According to a new survey by the Confederation of British Industry (CBI) and Aegon, while pensions have been a key component to recruiting and fostering employee loyalty, greater engagement and the provision of advice may be needed to guide awareness of the benefits.
The report noted that at present, 92 per cent of surveyed firms are contributing above the statutory minimum level for auto-enrolment schemes. However, there is more to be done by firms to help businesses to realise the value of pensions in the recruitment process and continue the retention of staff, Aegon and the CBI said.
Considering the results of the study, which surveyed businesses of all sizes, Aegon Workplace Investing managing director Paul Bucksey stated that “there are more employers than ever considering adding advice to their offering”, to assist with employee engagement.
Of the surveyed firms, nine in 10 said they felt a responsibility to better engage employees with their pension schemes and over 50 per cent said that they have a strategy in place to achieve better pensions engagement.
Nonetheless, firms have realised that more needs to be done. A much lesser 12 per cent of respondents said they are happy with current employee engagement levels.
CBI managing director Neil Carberry, said: “While many businesses rightly recognise the positive effect that their investment in pensions can have on recruiting and retaining staff, others need to open their eyes to grasp the opportunities in front of them. Engaging better with your workforce on pensions is not a ‘nice-to-have’ but absolutely fundamental to the success of workplace pensions schemes and well-funded retirements for workers.
Reasons for lack of engagement, as reported by the employers, included diverting money from pensions to other financial responsibilities (59 per cent), a lack of awareness among employees of the importance of saving for retirement and having insufficient resources within the business to engage with employees (24 per cent). In addition to this, some employers explained that they were uncertain about where to find high-quality advice for staff.
“Although many firms do a great job, there’s an awful lot more that can be done to get staff engaged in their financial futures…Many younger workers, those on lower incomes and employees who have been at a business for a short period are not getting the support they need to get to grips with issues that will help determine a successful path to when they retire,” Carberry added.
Of the survey participants, 63 per cent said that pensions play a part of an employees’ induction process, 60 per cent said they provide guidance from an external provider and 54 per cent also direct staff to publicly available pension guidance. Further advancements such as the use of technology including digital information portals was used by 51 per cent of businesses.
From these engagement processes, 44 per cent said it would lead to them being able to better retain staff.
Bucksey added: “Engagement is the key to changing behaviours and helping employees achieve long term financial security. When an employer gets behind their scheme and encourages the workforce to take action, engagement levels rise.

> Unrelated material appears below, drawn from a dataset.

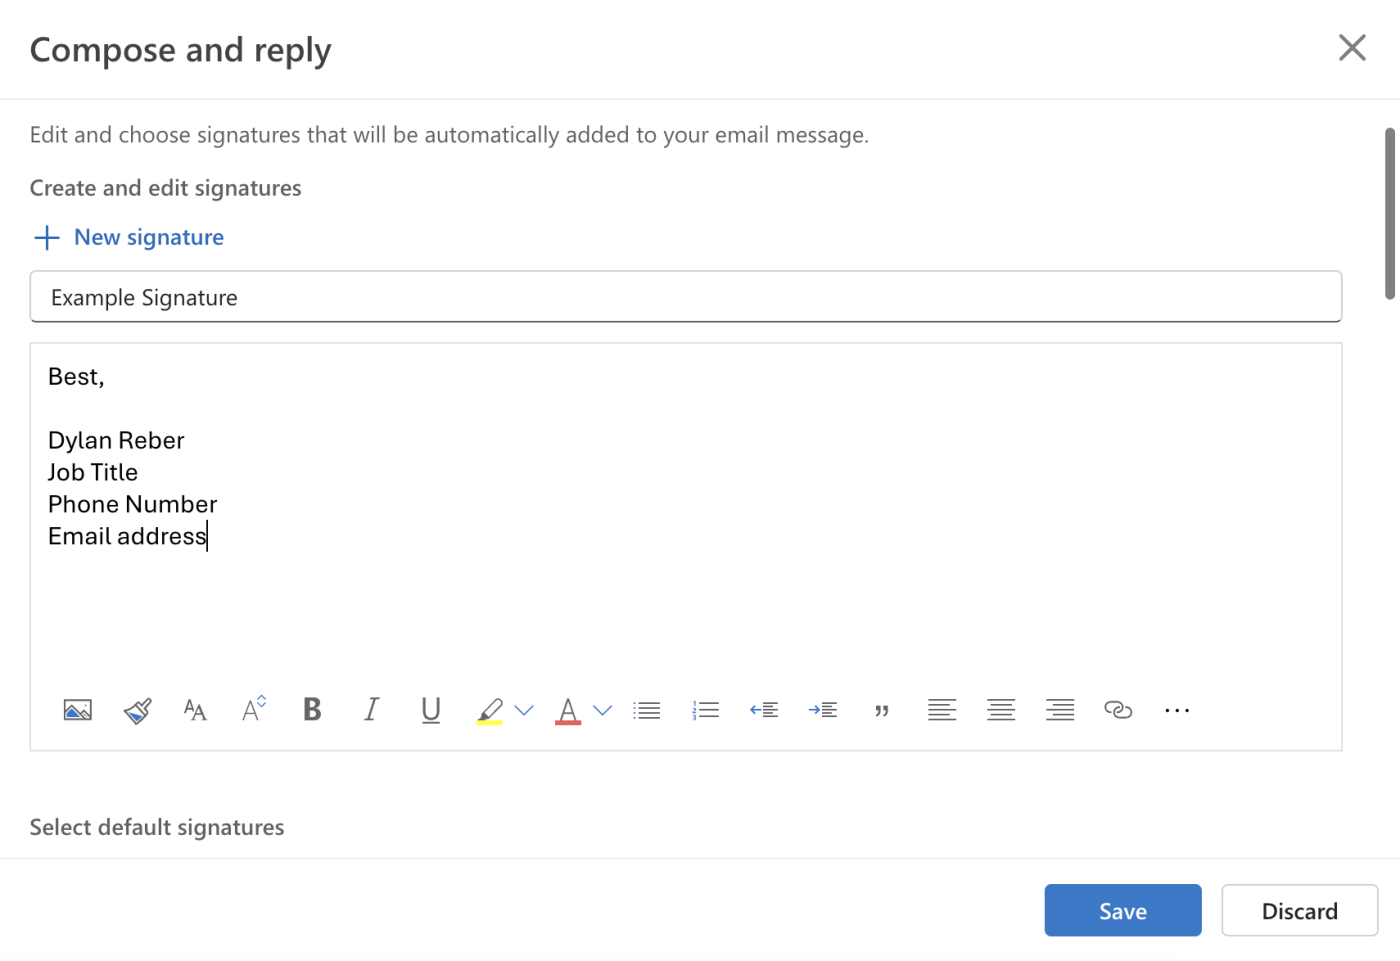 Screenshot of where to type in a new email signature and save it in Outlook.com

“Some employers are already going the extra mile to support their workforce in getting their pensions on the right track. But what remains clear is that whether you choose to hold roadshows, workshops or webinars, offer online financial planning tools or workplace financial advice, you need to do it regularly, as part of a wider financial awareness strategy.
“From recruitment to retirement, long-term planning and regular action will help your employees reach a point where they can afford to retire.”